The Chirping Star Phenomenon
The solution to this flickering problem emerged when the Liverpool Gravitational Wave Optical Transient Observer collaboration detected an object designated SN 2024afav on December 12, 2024. Initially, the object appeared to be a standard superluminous supernova. “It was as bright and it had bumps in the light curve like many other objects of this kind,” Farah notes. But as telescopes continued to monitor it, the object began to exhibit an unprecedented behavior: it started to chirp.
In physics, a chirp refers to a signal with a frequency that steadily increases over time. In the case of SN 2024afav, its emissions were fluctuating, but the gaps between these fluctuations were shrinking. After observing a second and third bump with gaps reduced by roughly 35 percent, Farah and his team realized they could predict how much the gap would decrease next. Their predictions were confirmed when the fourth bump appeared exactly as expected, and the fifth bump narrowed the period reduction to about 29 percent.
“Random space rubble just doesn’t work that way,” Farah emphasizes, highlighting the precision of their predictions.
Twisted Space: The Lense-Thirring Effect
The team proposed a new model to describe this behavior, relying on the Lense-Thirring effect, also known as frame-dragging. Frame-dragging is a prediction of General Relativity, where a massive spinning object slightly drags the spacetime around it as it rotates. “We didn’t try this mechanism before because it had never been seen around a magnetar before,” Farah says. But when his team applied it, the model perfectly matched the observations.
To understand Farah’s Lense-Thirring solution, imagine a bowling ball spinning in a vat of molasses. As the ball rotates, friction drags the sticky fluid along, creating a swirling vortex. According to Einstein’s General Relativity, mass and energy can warp the fabric of spacetime, so if a sufficiently large mass is spinning rapidly, it drags the spacetime along in a similar manner. Around a newborn magnetar, spacetime is whipped into a violent, twisting frenzy.

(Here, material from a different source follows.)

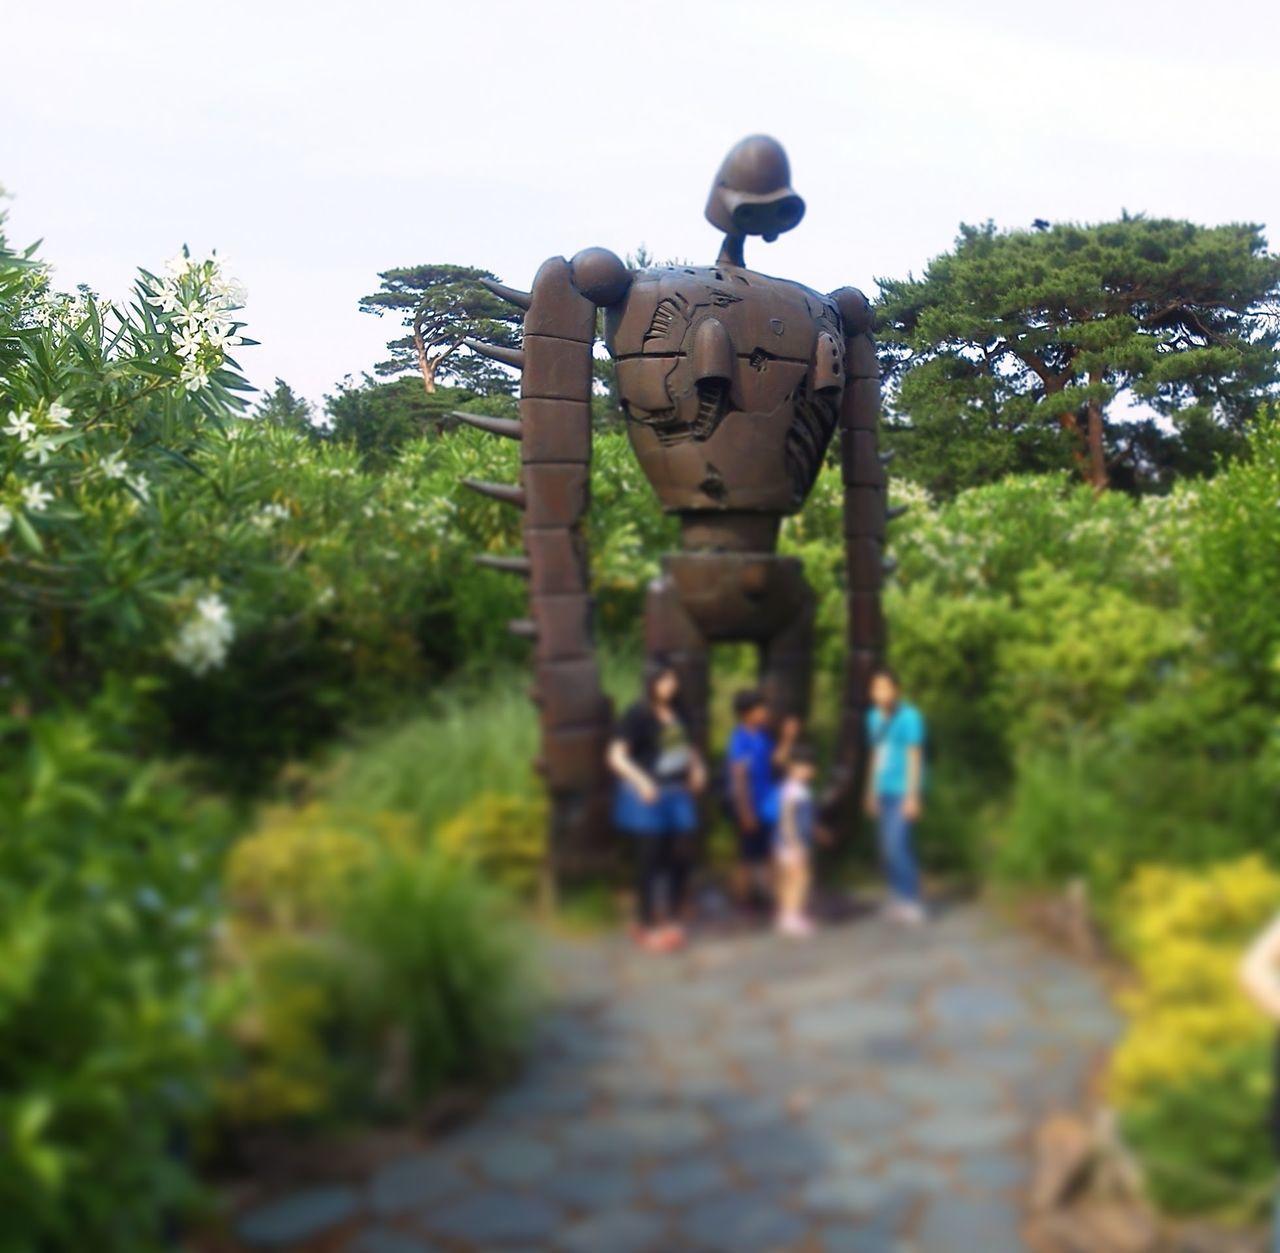 Ultimate Japan ジブリ ジブリ美術館 ジブリの森美術館 Ghibli Ghiblimuseum Ghibli Museum ラピュタ Rapyuta 巨神兵

When the progenitor star exploded to create SN 2024afav, it didn’t eject all of its material perfectly. Some of the stellar remnants fell back toward the newborn magnetar, forming a small accretion disk around it. Crucially, this disk was misaligned, tilted relative to the rotational axis of the magnetar. The Lense-Thirring effect forced this disk to wobble, or precess, around the magnetar’s spin axis like a top spinning ever more slowly.
The Shrinking Disk and Future Discoveries
The team proposes that the shrinking of the accretion disk is key to understanding the chirping phenomenon. The size of this disk isn’t static; it’s determined by the inward ram pressure from infalling matter and the outward radiation pressure from the magnetar. As the exploding star depletes its fallback material, the accretion rate drops, causing the disk to shrink and fall inward toward the magnetar. The closer it gets, the stronger the Lense-Thirring effect becomes, accelerating the precession and tightening the wobbles.
“Imagine a pirouetting figure skater pulling her arms in to accelerate the spinning movement,” Farah suggests, illustrating the process.
By measuring these chirps, Farah and his colleagues were able to deduce the properties of the magnetar powering SN 2024afav. They constrained its spin period to 4.2 milliseconds and precisely calculated its powerful magnetic field. The magnetar’s properties, derived solely from the chirping, matched those required to power the supernova’s brightness.
However, the work on the revised “magnetar+LT” model is just beginning. “This object is so rare and so new,” Farah admits. “We were scraping the bottom of the barrel for references that were even remotely related to the idea we were pitching here.”
Superluminous Siblings and Future Exploration
Farah’s team revisited archival data from other bumpy superluminous supernovae such as SN 2018kyt, SN 2019unb, and SN 2021mkr. They found that their “magnetar+LT” model explains the modulations in those events as well. A whole class of exploding stars that previously required multiple mutually exclusive physical explanations could be unified by a single, elegant model.
Yet, many questions remain unanswered. “How the accretion disk forms, how it blocks or modulates the light from the magnetar, how that light then gets to the ejecta, and finally how it gets to the observer,” Farah lists. “Basically every step along the way we made the best assumptions we could.”
To truly unravel these mysteries, Farah emphasizes the need for more discoveries like SN 2024afav. With new observatories like the Vera C. Rubin Observatory in Chile coming online, the future looks promising. “The Rubin Observatory is expected to discover dozens of these chirped supernovae,” Farah says. “We will be able to test our models against many different objects. There’s definitely room for development and growth. This is just the very beginning.”
Nature, 2026. DOI: 10.1038/s41586-026-10151-0